Along with my affinity for latkes for breakfast as a child, there was my (and my Mom’s) beloved bagel – the other breakfast item I could never deny and always wanted more of. Mom’s favorite was always sesame and we enjoyed the bread with any and every accoutrement – the traditional lox, capers, and cream cheese, peanut butter, eggs and ham, and even stir-fry. Oddly enough, I have fond memories of my mother cooking asparagus and beef stir-fry and the two of us sandwiching the filling between sesame bagels – the sauce deliciously absorbed by the dense, doughy bread.
Growing up on Long Island and in NYC, dense, chewy bagels were always a street corner away. Years later when my family moved to Northern California, our luck ran out and New York bagels were nowhere to be found. I believe my Mom had her sisters mail bagels from time to time. And each time we flew East, Mom’s carryon was sure to contain a dozen bagels for the ride home.
On the West Coast, the bagel (as we had known it) was soon forgotten on our breakfast table. It wasn’t until college that I resumed my bagel-eating habit, courtesy of Einstein’s bagels. Softer and more airy, these weren’t the bagels I was accustomed to. But FHE turned me on to non-traditional flavors such as chocolate chip, blueberry, and asiage cheese – flavors I’d never seen growing up.
Today I came across an article about homemade bagels – about their deliciousness and ease of preparation. Didn’t take much to convince me to try at home. Nearly as easy as making a loaf of bread, the only difference in making bagels is the two-step cooking process: boiling and baking. These may not duplicate my childhood bagel – they are, afterall, of the “soft” variety – but the dough is delicious and once you try a homemade version, no supermarket variety will compare.
Homemade Bagels, adapted from Baking Bites
1 tbsp active dry yeast
1 tbsp sugar
1 3/4 cups water, warm (100-110F)
4 cups bread flour (not all purpose)
1 tbsp salt
1 tbsp oil
1 egg, for egg wash
- In a large bowl (or the bowl of a stand mixer) combine yeast, sugar and water. Let stand for 5 minutes, then stir in flour and salt. Mix dough thoroughly until it comes together in a large ball, pulling away from the sides of the bowl. Add an additional tablespoon of flour or water, if needed.

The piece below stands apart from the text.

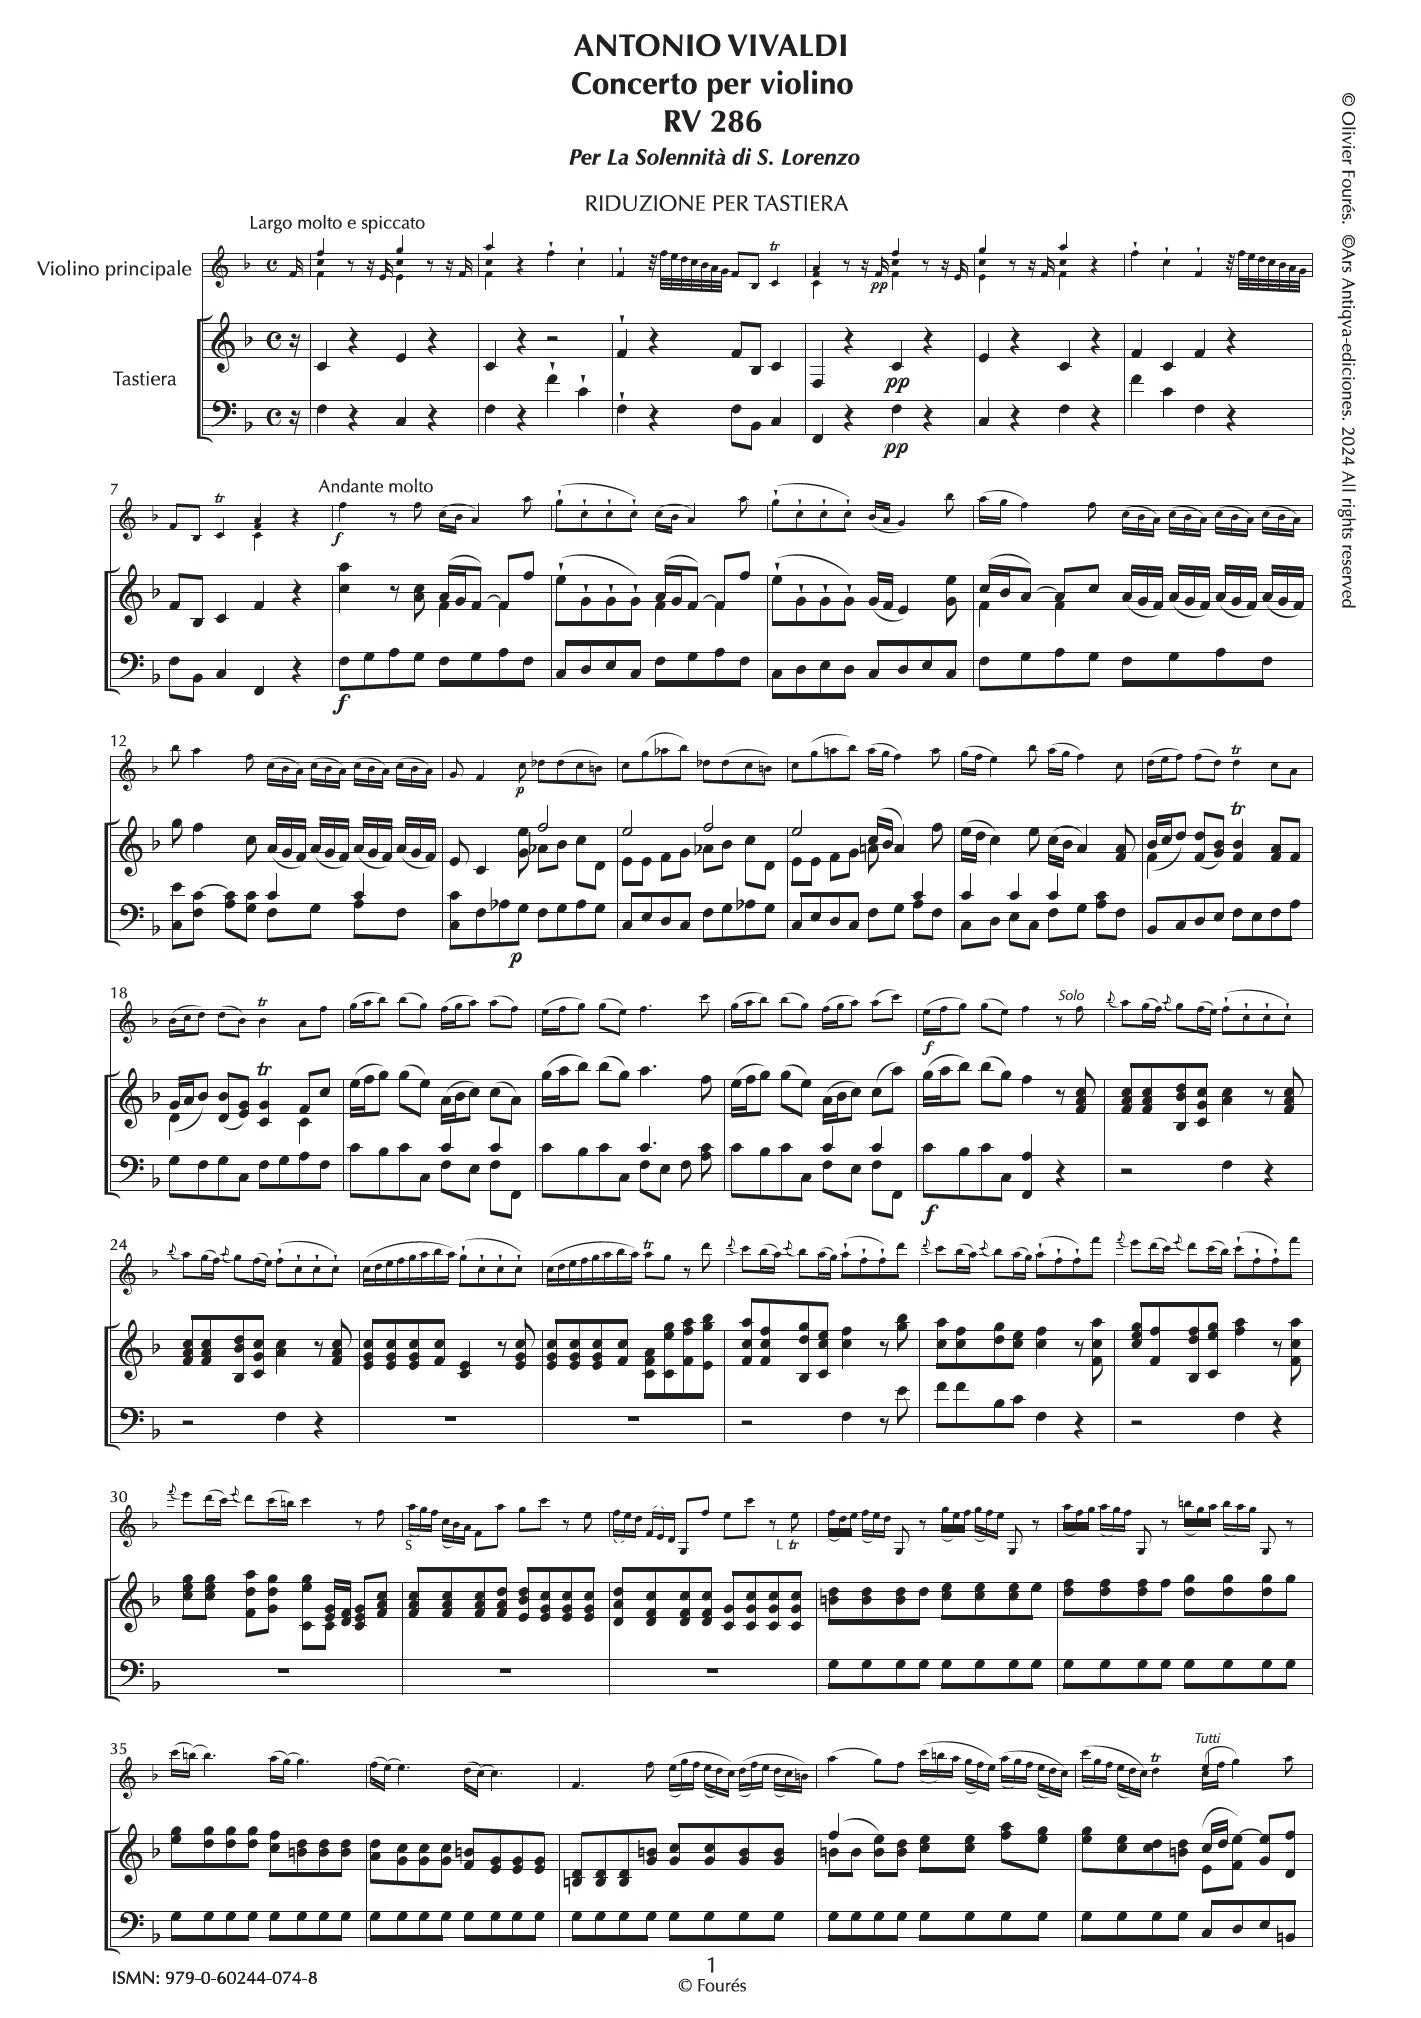 RV 286 Concerto per Violino in Fa maggiore -per la Solennità di San Lorenzo- per Anna Maria
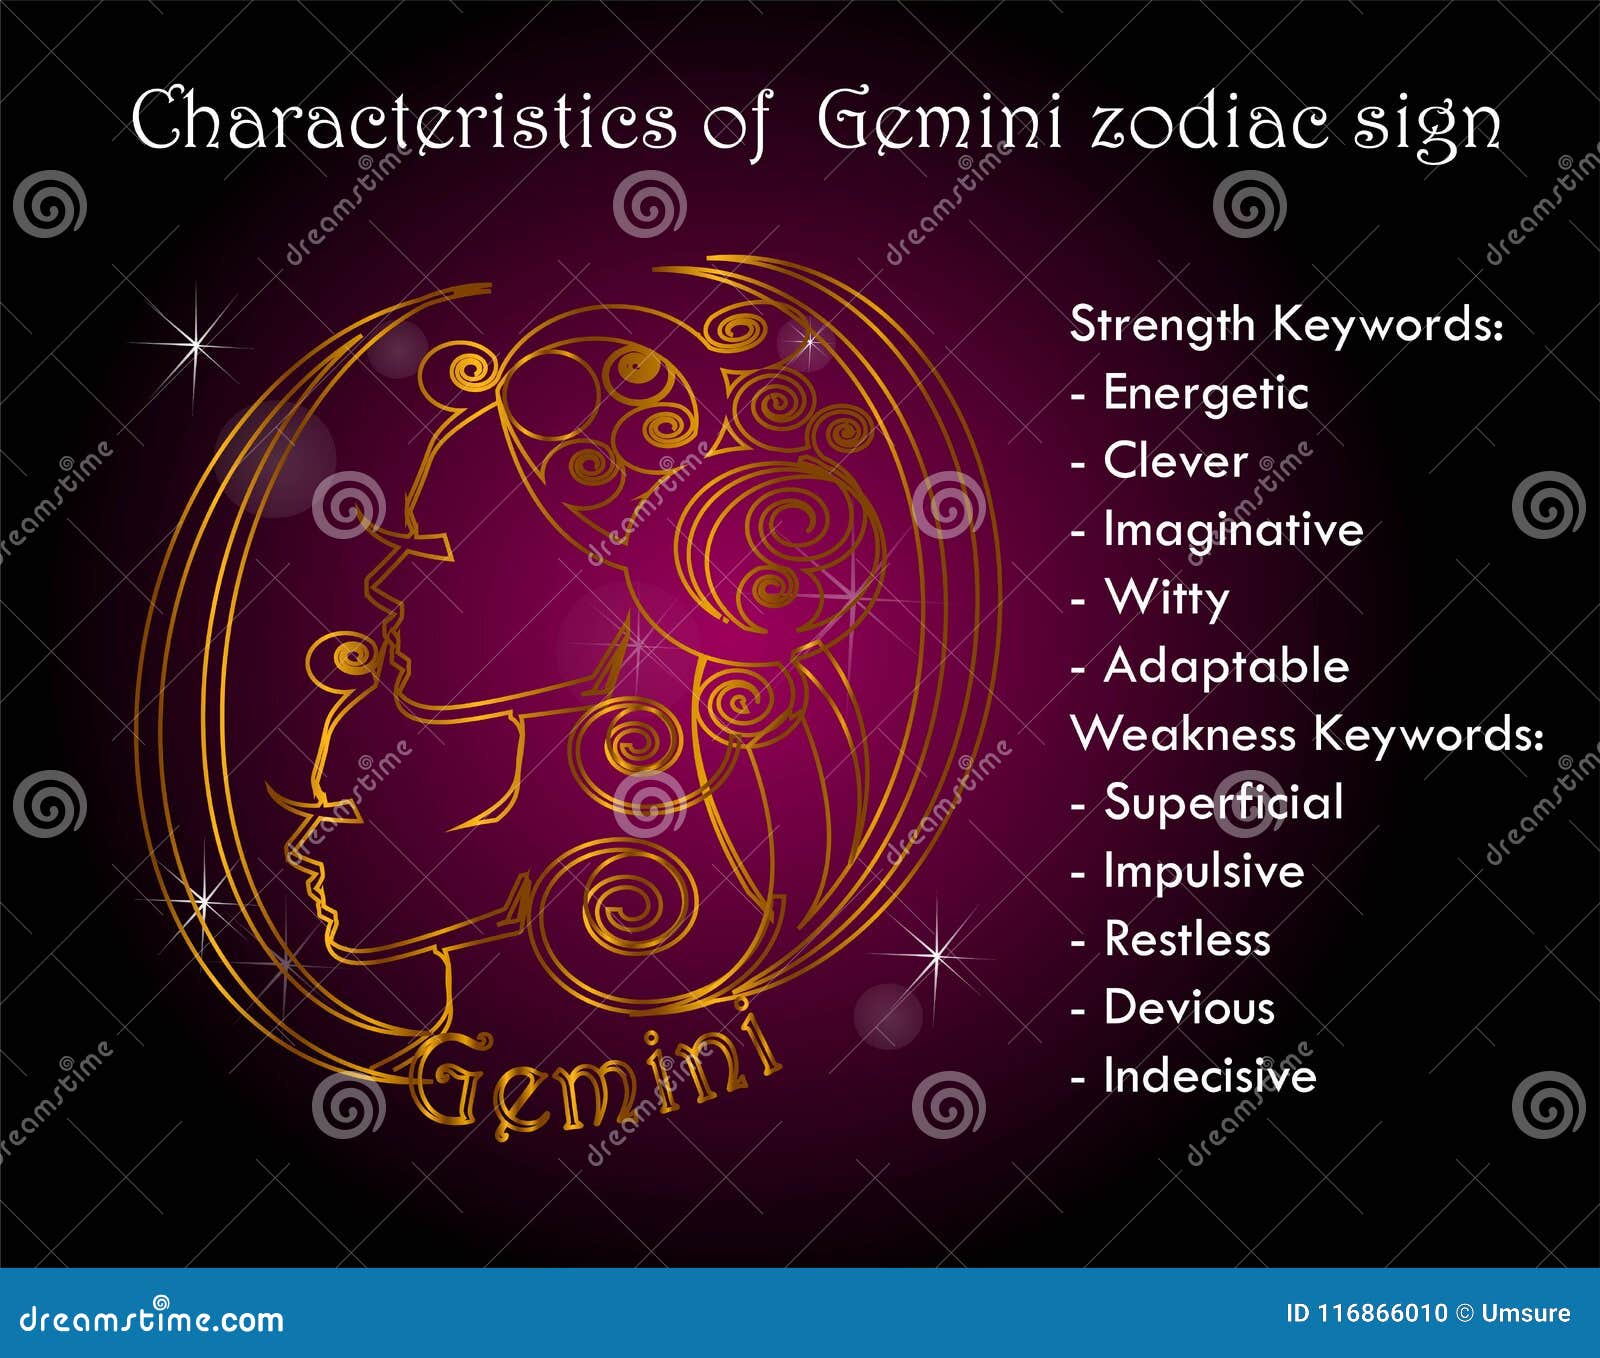 Gemini Zodiac Birth Sign Free Stock Photo - Public Domain Pictures

If kneading by hand, turn dough out onto a lightly floured surface and knead until very smooth and elastic, about 10 minutes. If using a stand mixer, knead dough with the dough hook until elastic, about 8 minutes on a low speed. Place dough in a lightly greased bowl, cover with plastic wrap and let rise for 1 hour, or until doubled in size.
- Bring a large pot of water to a gentle boil and preheat the oven to 400F.
- When dough has risen, turn the dough out onto a very lightly floured surface and divide into 12 equal pieces (first quarters, then thirds). Shape each piece into a tight ball, pinching the corners together at the bottom of the piece of dough. When all the balls are shaped, let the dough rest for 30 minutes covered with a clean dish towel.
- Once dough balls have rested, the bagel shape can be formed. Using your fingers, poke a hole through the center of each dough ball. Stretch out the dough into a ring with your fingers and be sure to make the hole a little larger than you want the finished bagel to have, as it will shrink slightly while the bagel is expanding during the baking process. Let bagels rest for about 10 minutes.
- Working four at a time, drop the bagels carefully into the boiling water. Boil for 2 minutes on the first side, then flip and boil for an additional minute. Using a slotted spoon or strainer, transfer bagels to a clean towel to drain for a moment, then place on a parchment-lined baking sheet. Repeat process with remaining bagels.
- Brush boiled bagels with lightly beaten egg and bake for 20-24 minutes, until golden brown. If you wish to add toppings (sesame, poppy, garlic, onion), dip the wet bagels (from boiled water) into the topping.
- Cool completely on a wire rack.
- Slice and toast to serve.
Makes 6 sandwich-sized bagels or 12 smaller ones.
Note: To make flavored bagels, you can mix in dried blueberries, chocolate chips, or cranberries. I topped half our batch with asiago and gruyere cheeses.